My doctor may have been blunt with me because I grew up with family that has it. I've known what it was since I was 5.
But my doctor says the same lately, not even dimethyl fumerate was out there yet in 2012 and the best drugs merely reduced the probability of an attack by a little under 50%. Several current drugs I think are more like 70% and way gentler to take. Still far from perfect though, I've gotten worse despite three very different medications. But with MS we're kind of just playing the odds, and that 70% is aggregated across all underlying causes. Mine is almost certainly genetic. Maybe one drug works great for genetic causes but badly for some say chemical exposure that triggered it. But no one can tell that's the case.
That seems like something that could be improved for sure, personalized medicine. But I also don't find it hard to believe that we'll be regenerating nerves in ten years, that seems entirely reasonable given how long we've been studying them and the tools now available.
Stress has never been proven to be a link, though it is often repeated. Being male does sometimes make things worse and males are more likely to have a more progressive form of the disease than females. (The vast majority of patients are females: I know they suspect an interplay of hormones creating different outcomes, but I don't know if they've proven it).
As far as progression, that is something that happens to some people.

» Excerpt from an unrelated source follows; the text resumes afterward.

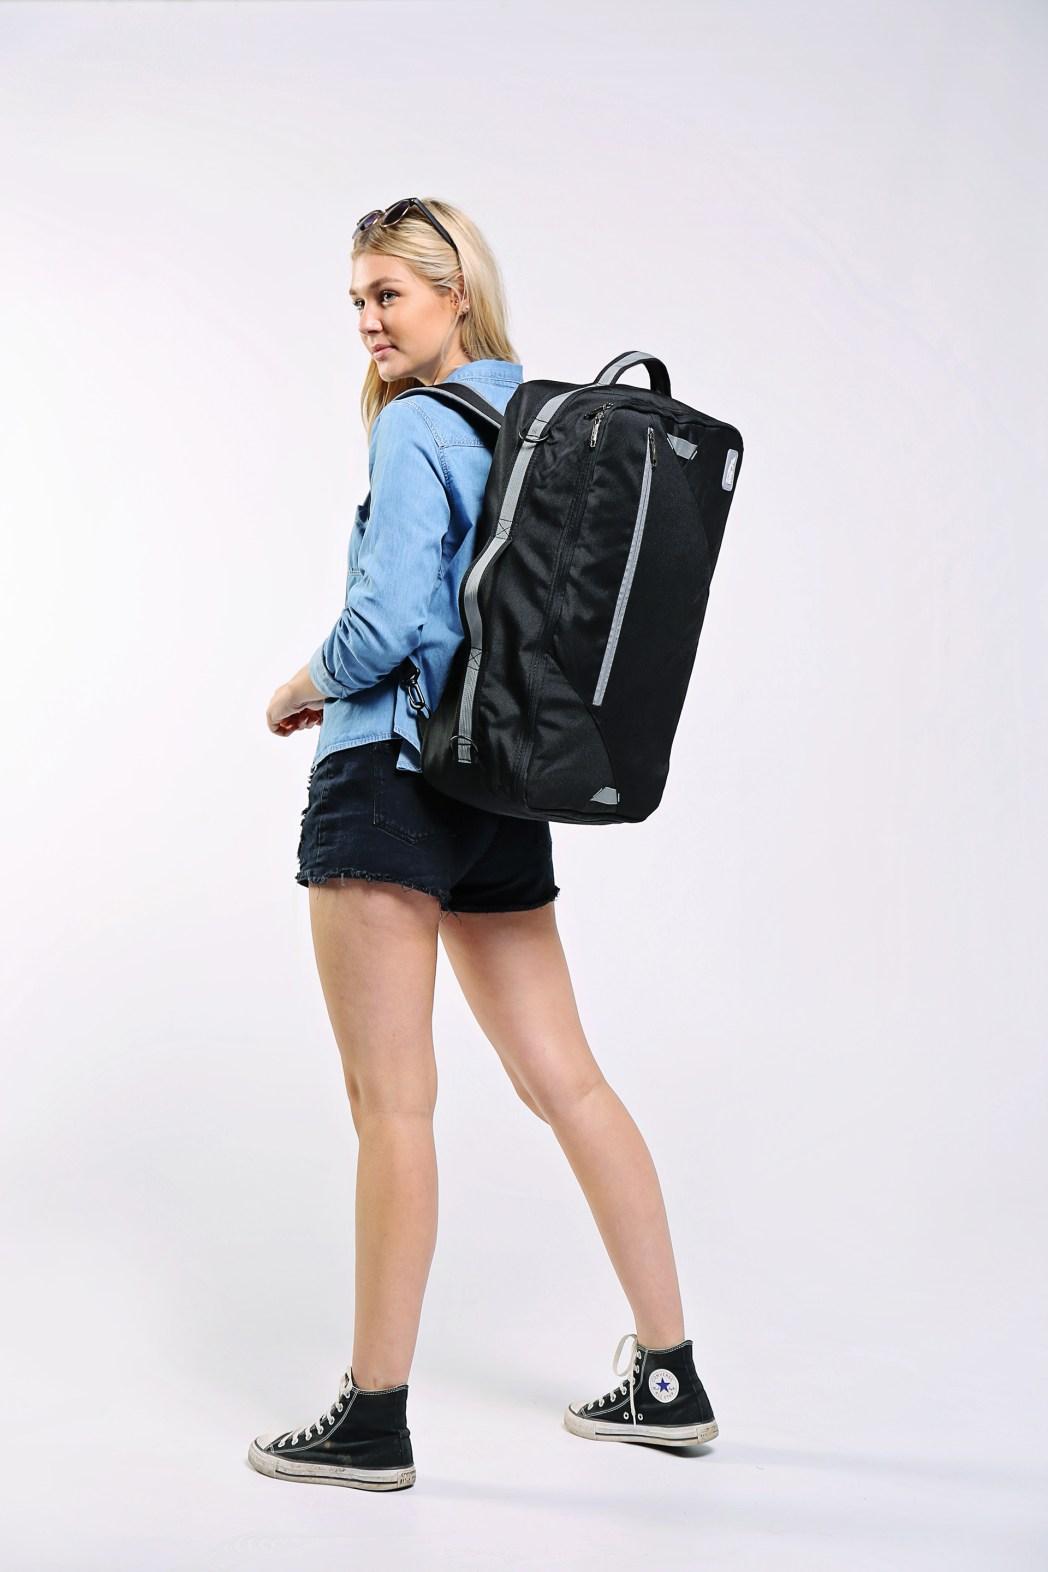 Woman modelling the Bergen backpack

Some folks never have the relaspses and time in between and others, the disease turns into progressive form. If scientists haven't figured out why some are more progressive or why some folks' MS turns progressive, I highly doubt looking at one's own life is going to find a key to progression. I'm not the parent here, but I can't see the point in such a thing.
Oh, I thought the statistics were that half as many men as women have it. I don't know if I'd call that vast, though admittedly most people who have mentioned that they have it have been women. I probably just saw bad stats.
Like, yes, my life has been very stressful for years at a time. Those times weren't when it became progressive though, and good luck finding a control that has never had periods of stress and then doing statistics on them somehow...
I was more pointing out that males, when they get it, are more likely to have a hard time and more likely to get primary forms and the relapsing forms are more likely to turn progressive early on (women wind up catching up after menopause sometimes).
And yeah, everyone has stress. They thought that stress caused relapses at one time, though, but further research has ruled it out. They can look at folks that have had undue stress and look at timing of relapses vs times of major stress to see if the link is correct. The 'stress-free life' advice still gets passed around though.
I am not even sure if major things are improved by my medication because I have no idea whether it would be even worse without. I can't do statistics on that... I definitely can't guess whether it becoming progressive is because I've had a lot of stress and wouldn't want to mislead anyone by suggesting it. As far as I know it just tends to happen eventually.
Stress seems to trigger attacks and symptoms though, I don't think that part is controversial.